#### WHAT YOU ARE ASKED TO DO:
Your answer should hold exactly the lines beginning with the one that contains "Samsung Bespoke Counter" and ending with the last line of the material, both included. Leave every picture out.

#### GIVEN INFORMATION:
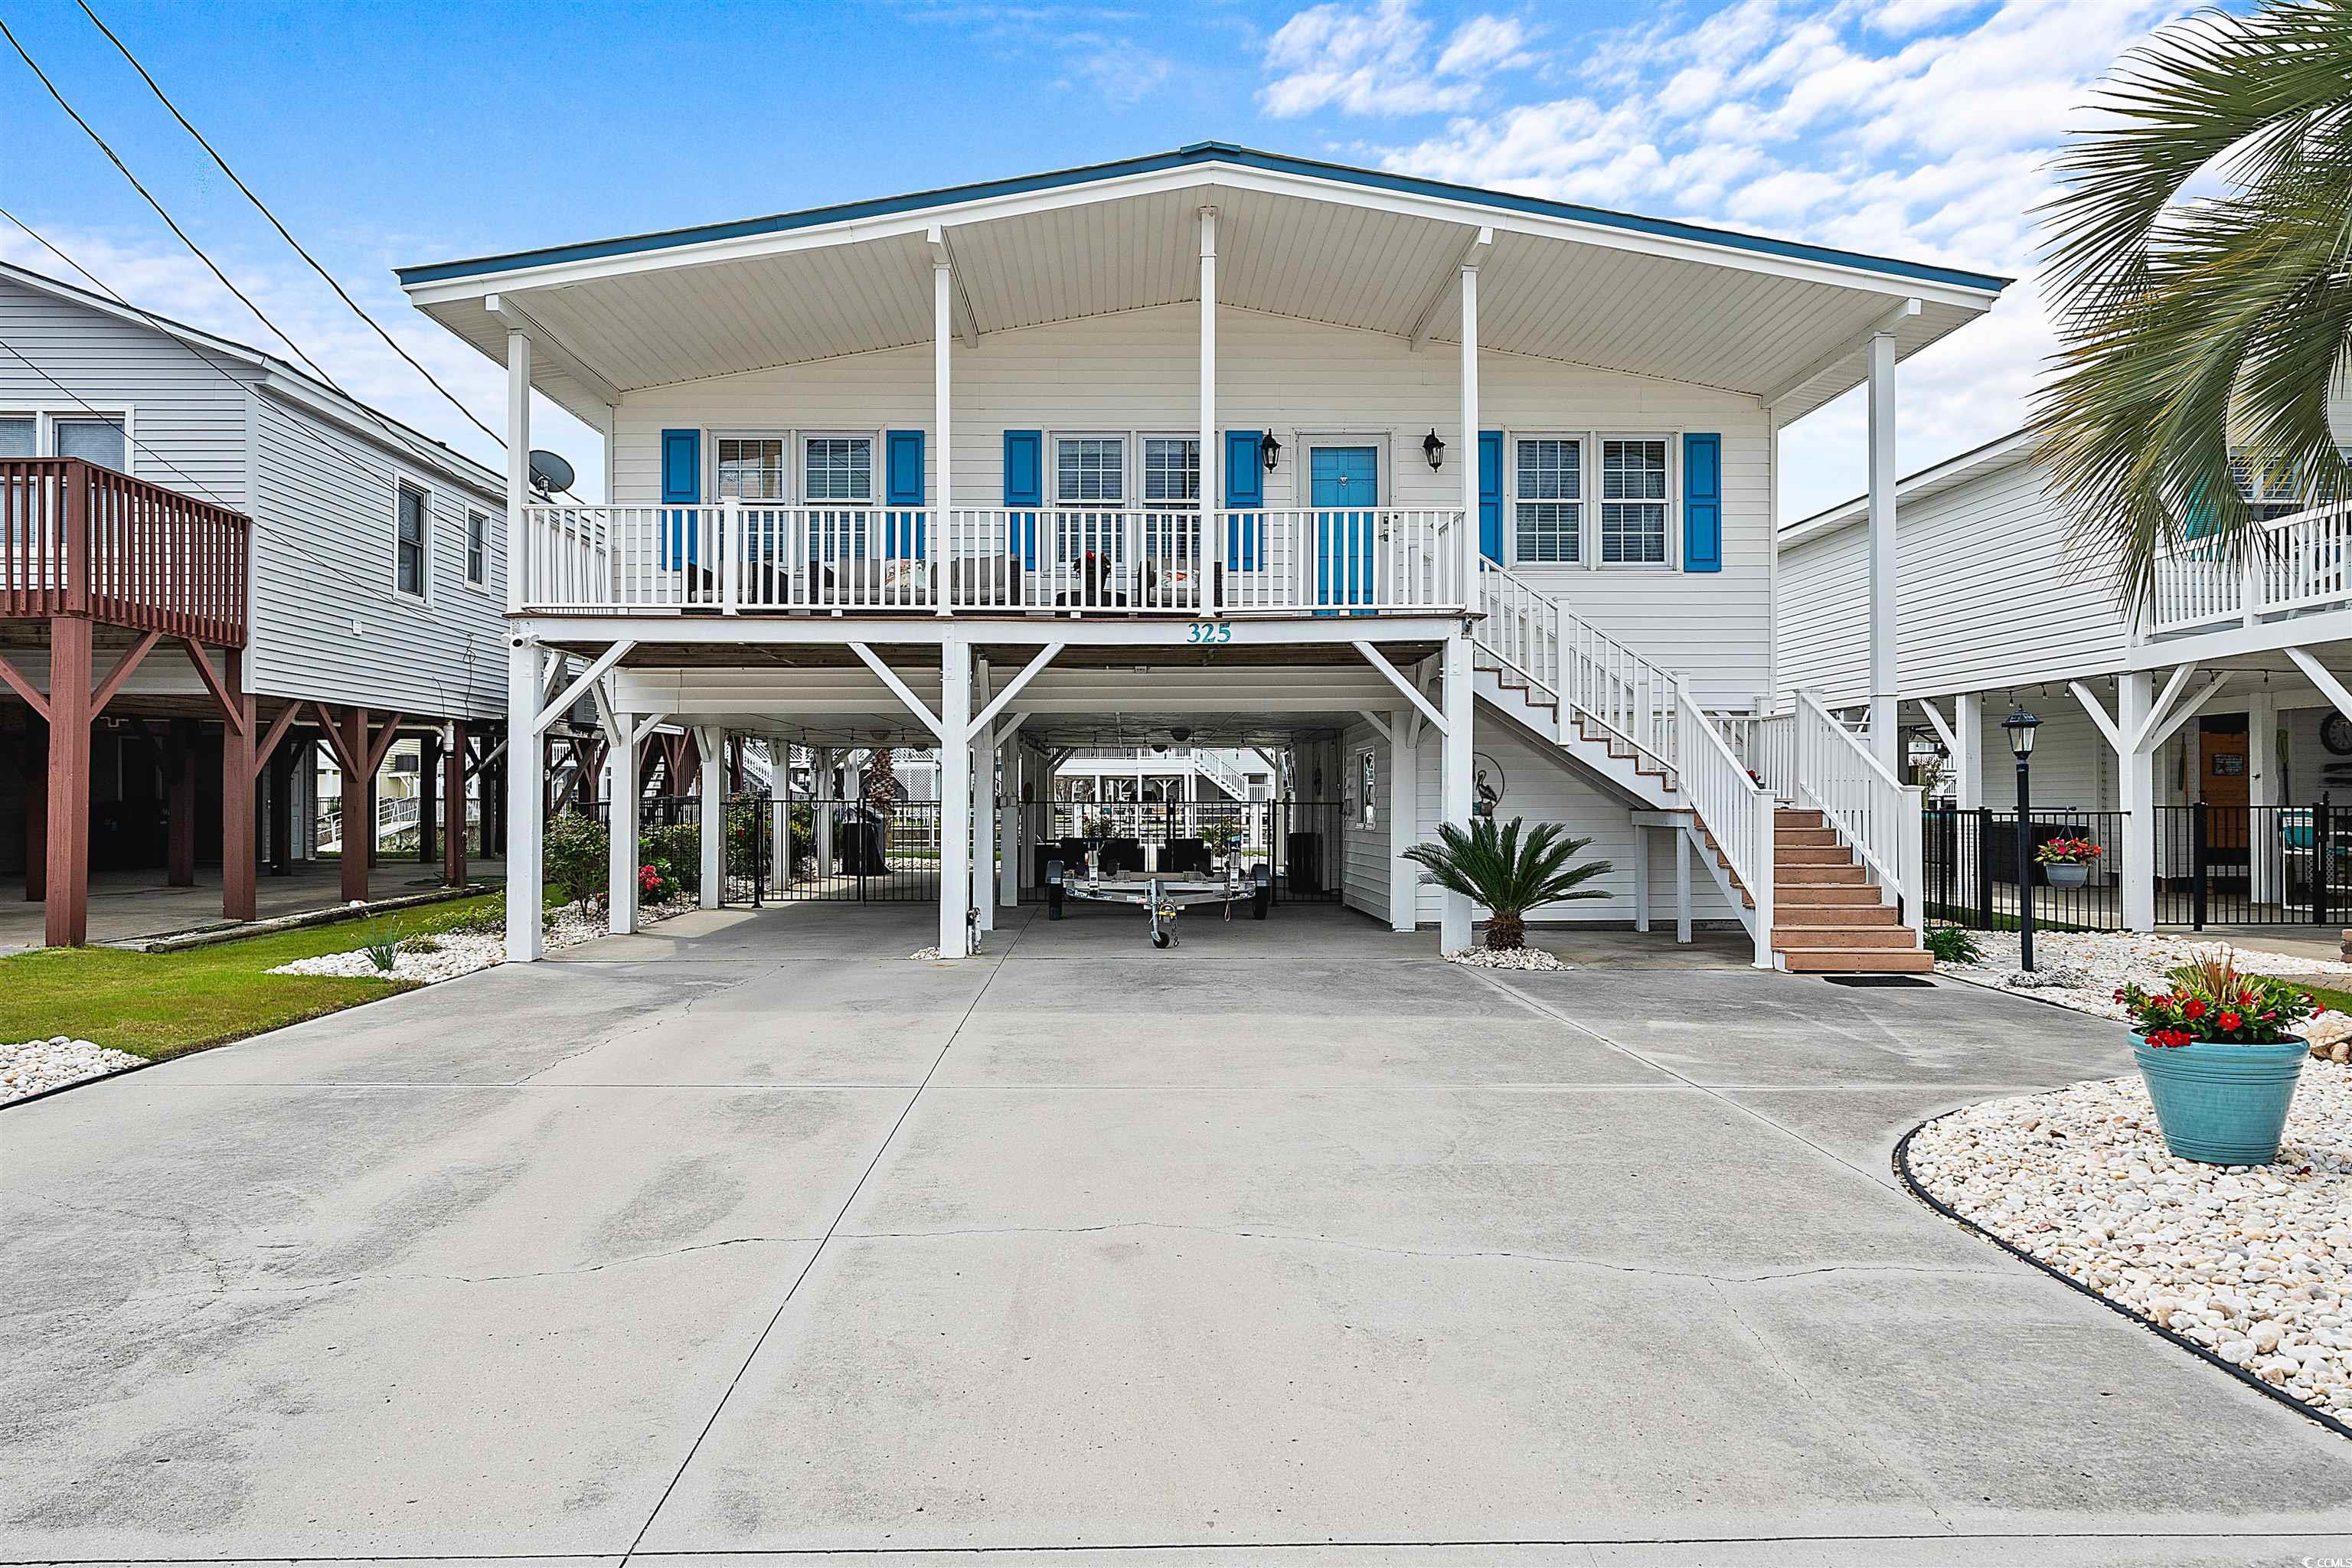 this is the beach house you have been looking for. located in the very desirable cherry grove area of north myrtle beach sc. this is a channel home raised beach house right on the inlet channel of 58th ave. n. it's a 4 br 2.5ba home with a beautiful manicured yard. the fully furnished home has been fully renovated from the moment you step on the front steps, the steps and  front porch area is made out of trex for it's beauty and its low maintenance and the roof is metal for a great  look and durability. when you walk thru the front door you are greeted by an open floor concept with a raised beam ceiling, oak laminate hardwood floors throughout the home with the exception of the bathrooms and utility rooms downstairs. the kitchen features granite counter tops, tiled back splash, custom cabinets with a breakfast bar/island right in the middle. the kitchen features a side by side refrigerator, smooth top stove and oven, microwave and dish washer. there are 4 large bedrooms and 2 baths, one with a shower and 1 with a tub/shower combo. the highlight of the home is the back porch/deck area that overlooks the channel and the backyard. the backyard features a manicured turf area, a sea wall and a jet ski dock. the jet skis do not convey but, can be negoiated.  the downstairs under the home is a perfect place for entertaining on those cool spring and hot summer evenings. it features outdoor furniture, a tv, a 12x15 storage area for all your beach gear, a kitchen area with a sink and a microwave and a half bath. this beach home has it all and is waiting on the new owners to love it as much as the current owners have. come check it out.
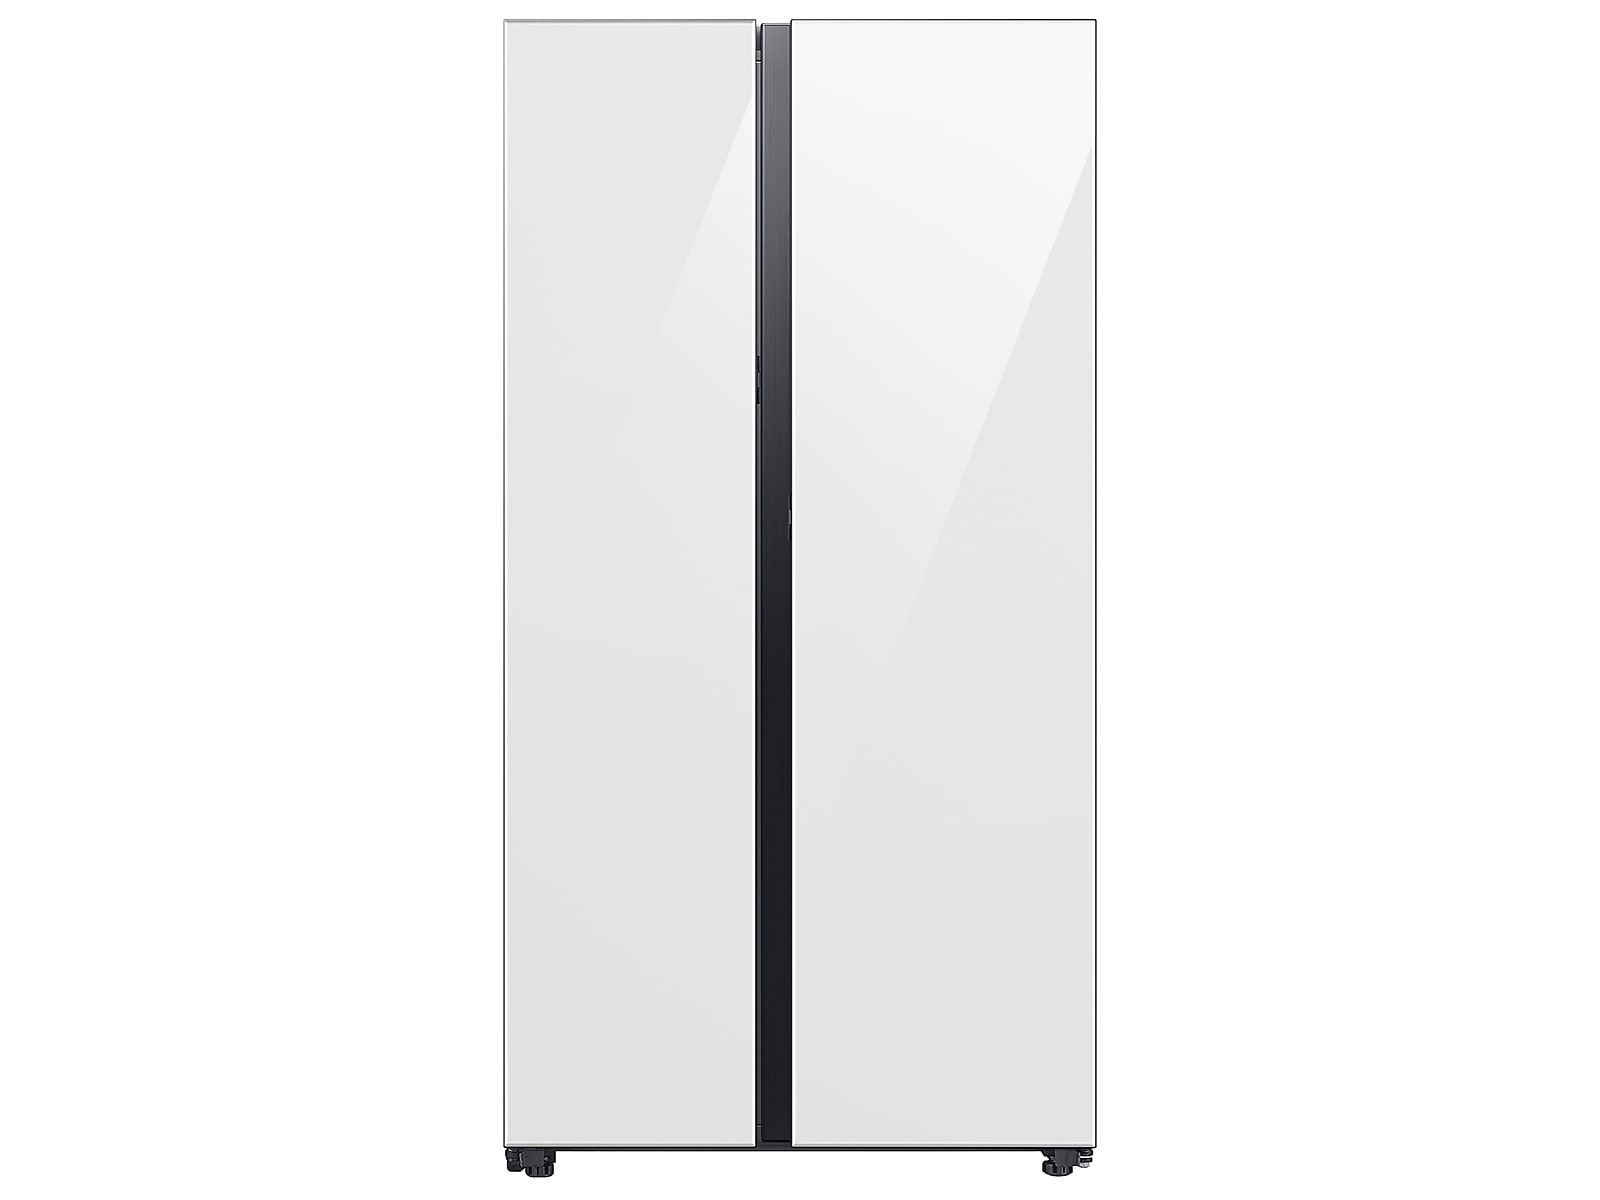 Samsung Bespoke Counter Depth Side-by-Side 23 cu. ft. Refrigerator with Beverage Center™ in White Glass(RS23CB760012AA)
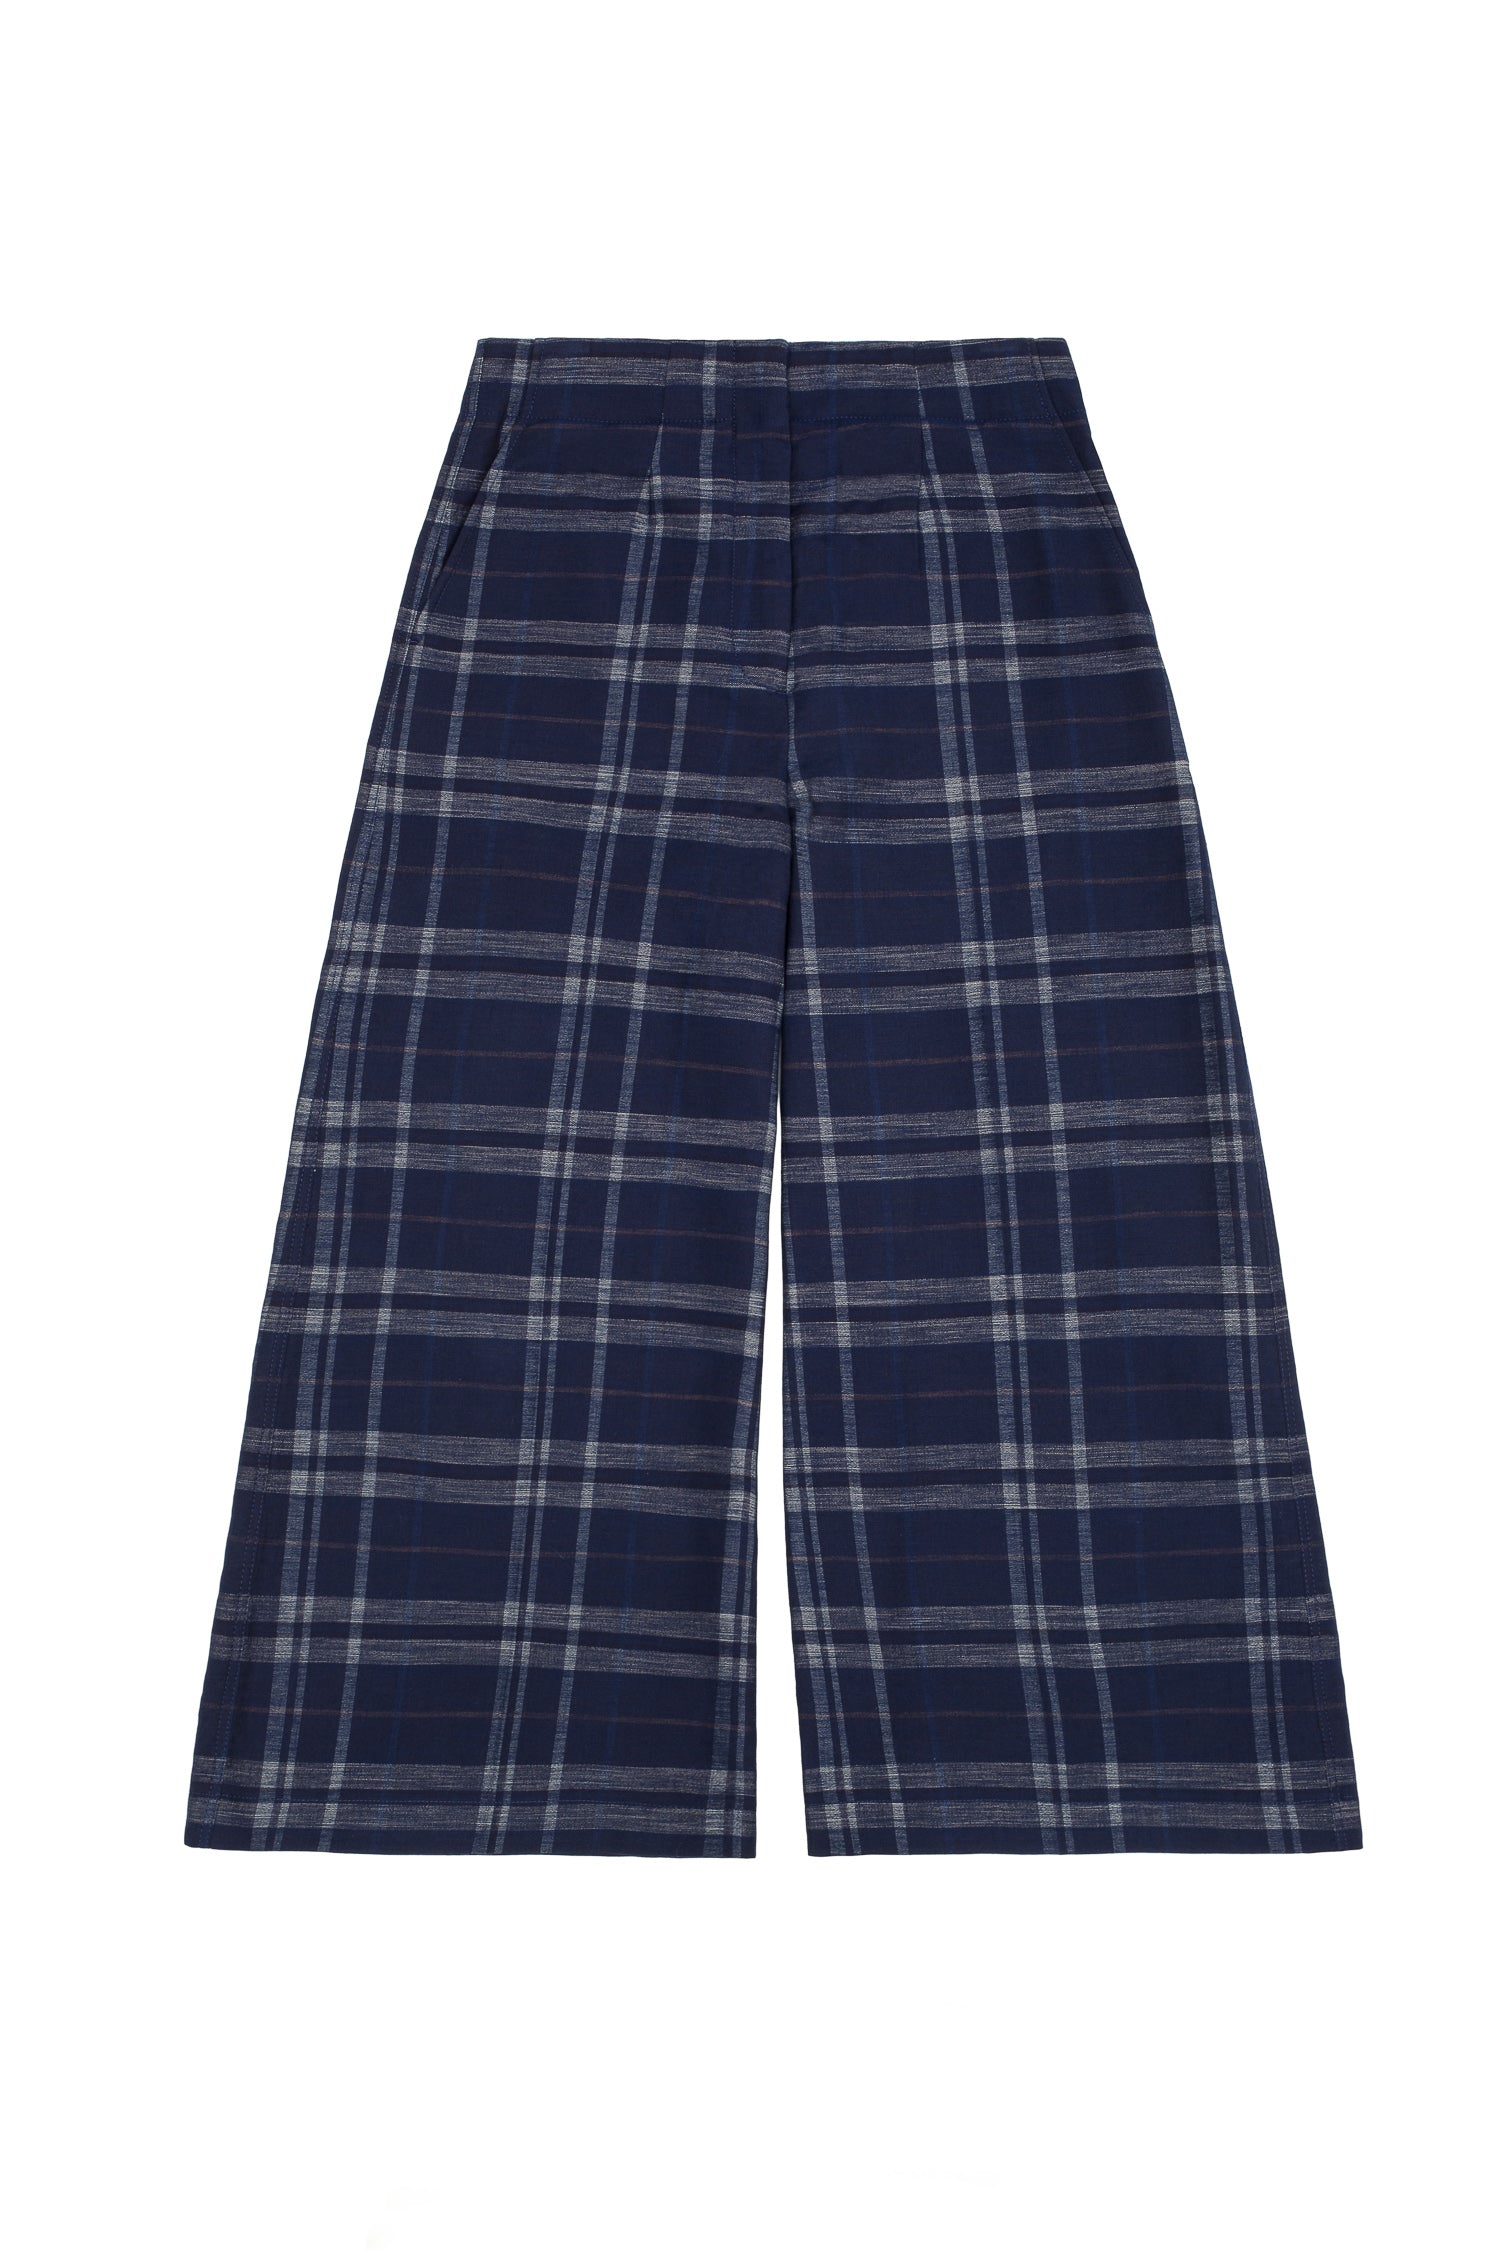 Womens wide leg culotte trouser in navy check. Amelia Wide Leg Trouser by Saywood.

#### SOLUTION FOR THIS TASK:
 Samsung Bespoke Counter Depth Side-by-Side 23 cu. ft. Refrigerator with Beverage Center™ in White Glass(RS23CB760012AA)
 Womens wide leg culotte trouser in navy check. Amelia Wide Leg Trouser by Saywood.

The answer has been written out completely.